Tough loop in R?
I have been struggling for days to solve this problem in R (I am a former SAS user).
Tuning / Research - Observational data. Crohn's disease patients. Data were collected annually during 2002-2013. - Patients can be enrolled in any year and visits may be irregular on an annual basis. - I know the exact day of death for each patient. VARIABLE: DEATH_YEAR - I know the exact day of the relapse (endpoint of interest). Variable: RELAPSE_YEAR
I am interested in the incidence of relapse and I need to calculate the number of relapses each year divided by the number of people living that year. Now the problem is that people come from inclusion irregularly, but I know if they are really alive this year and if they have relapsed.
I could solve this if I could create 12 new variables for each patient. Each new variable must be a calendar year, and this variable must be set to "1" if the patient is alive this year and has not yet experienced the event.
So the problem is that I need to create "year-variables" that are set to "1" for each year when turned on, and after that, given that the person did not die or survived the event.
Example: Patient X was included in 2005 and died in 2009. For him I need his following variables: "2005", "2006", "2007", "2008" and "2009" - "1". Patient Y was included in 2005 and experienced event 2007. For that I need the following variables: "2005", "2006", 2007 "set to" 1 ". (Yes, the year of the event / death should still be set to" 1" ).
This is what my dataset looks like:
data <- read.table(header = TRUE, text = "
patient visit first_visit relapse_year death_year
1 2003 2003 . 2010
1 2004 2003 . 2010
1 2009 2003 . 2010
2 2002 2002 2006 .
2 2006 2002 2006 .
2 2006 2002 2006 .
2 2008 2002 2006 .
2 2012 2002 2006 .
3 2004 2004 . .
3 2008 2004 . .
3 2008 2004 . .
")
Here is the DESIRED set
desired_data <- read.table(header = TRUE, text = "
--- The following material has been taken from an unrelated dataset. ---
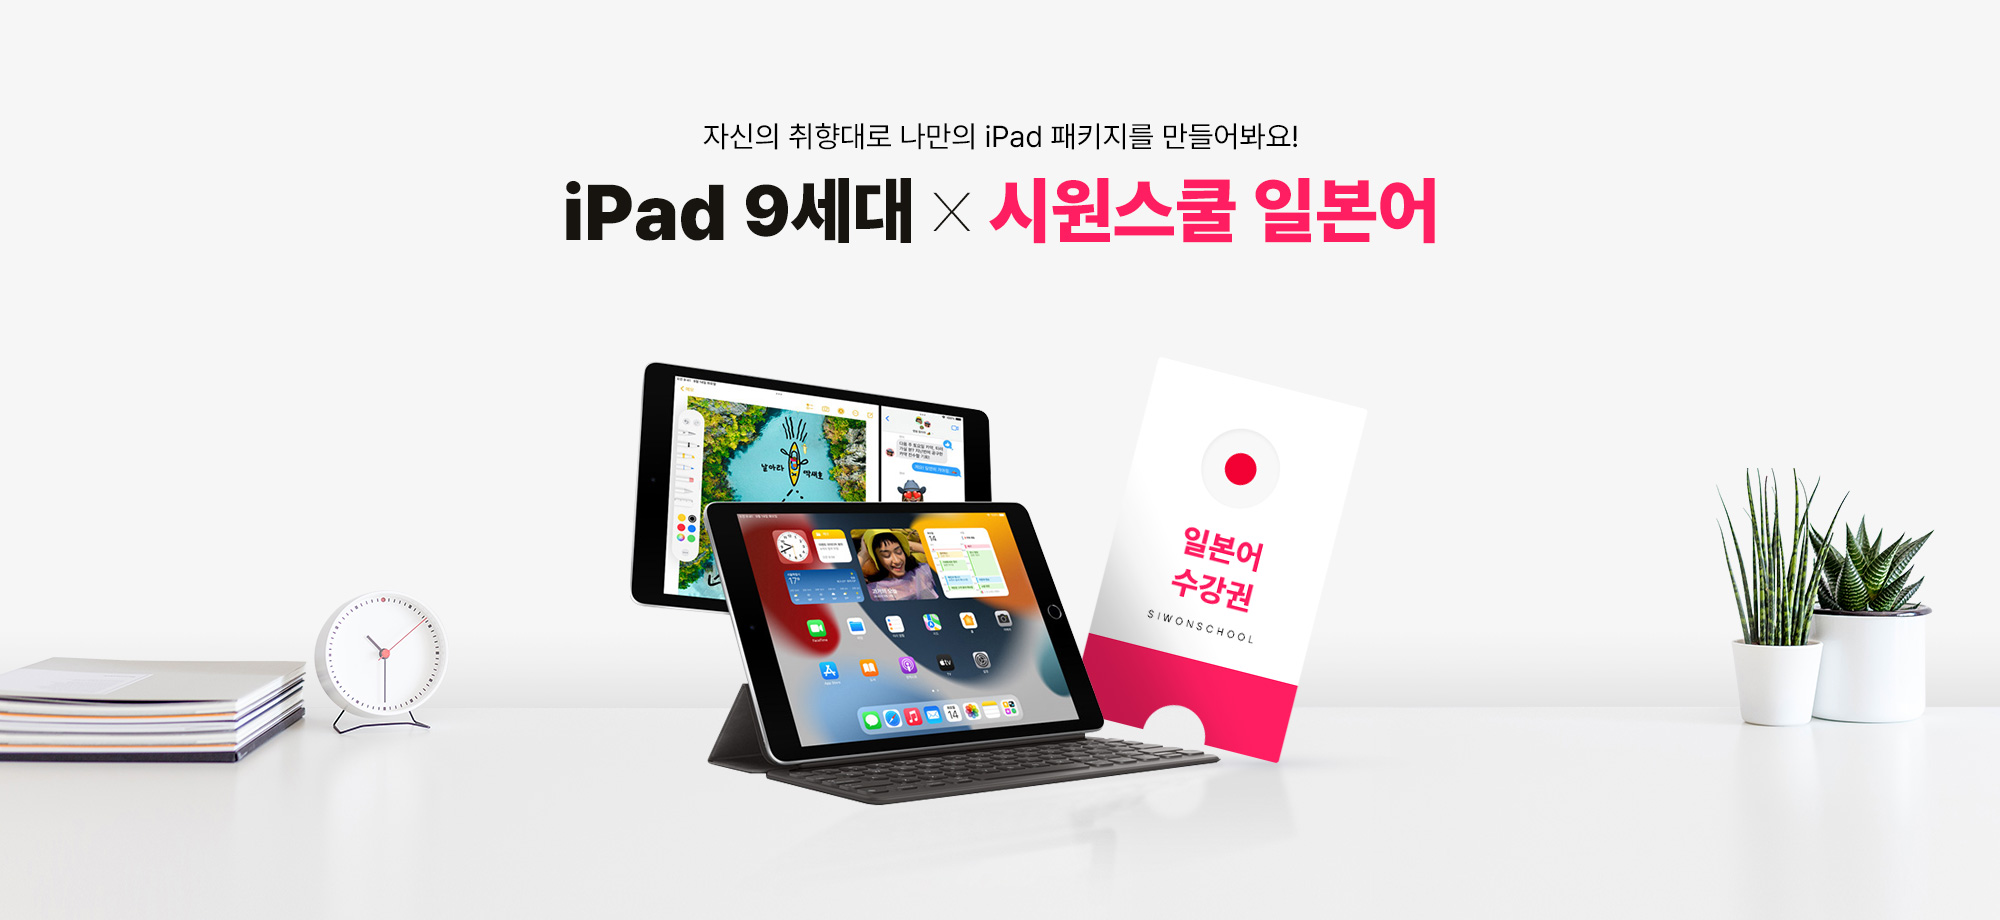 자신의 취향대로 나만의 iPad 패키지를 만들어봐요! iPad9세대 X 시원스쿨 일본어

patient visit first_visit relapse_year death_year YEAR2002 YEAR2003 YEAR2004 YEAR2005 YEAR2006 YEAR2007 YEAR2008 YEAR2009 YEAR2010 YEAR2011 YEAR2012
1 2003 2003 . 2010 . 1 1 1 1 1 1 1 1 . .
1 2004 2003 . 2010 . 1 1 1 1 1 1 1 1 . .
1 2009 2003 . 2010 . 1 1 1 1 1 1 1 1 . .
2 2002 2002 2006 . 1 1 1 1 1 . . . . . .
2 2006 2002 2006 . 1 1 1 1 1 . . . . . .
2 2006 2002 2006 . 1 1 1 1 1 . . . . . .
2 2008 2002 2006 . 1 1 1 1 1 . . . . . .
2 2012 2002 2006 . 1 1 1 1 1 . . . . . .
3 2004 2004 . . . . 1 1 1 1 1 1 1 1 1
3 2008 2004 . . . . 1 1 1 1 1 1 1 1 1
3 2008 2004 . . . . 1 1 1 1 1 1 1 1 1
")
I would be extremely grateful for any advice on this matter! Thanks in advance!
source to share
It's a bit hacky, but it will work. First turn your data into a numeric dataframe to .
turn into NA
:
data0<-data.frame(lapply(data,function(x) as.numeric(as.character(x))))
head(data0)
# patient visit first_visit relapse_year death_year
# 1 1 2003 2003 NA 2010
# 2 1 2004 2003 NA 2010
# 3 1 2009 2003 NA 2010
# 4 2 2002 2002 2006 NA
# 5 2 2006 2002 2006 NA
# 6 2 2006 2002 2006 NA
Then replace 2012 (or whatever was last year) with NA values.
data0[is.na(data0)]<-2012
Now you can use pmin
to determine how long until the patient dies / repeats / the experiment ends. The last thing to do is use arithmetic on column numbers to create a new dataset:
activeYears<-matrix(0,nrow(data0),11)
colnames(activeYears)<-2002:2012
startYear<-data0$first_visit[row(activeYears)]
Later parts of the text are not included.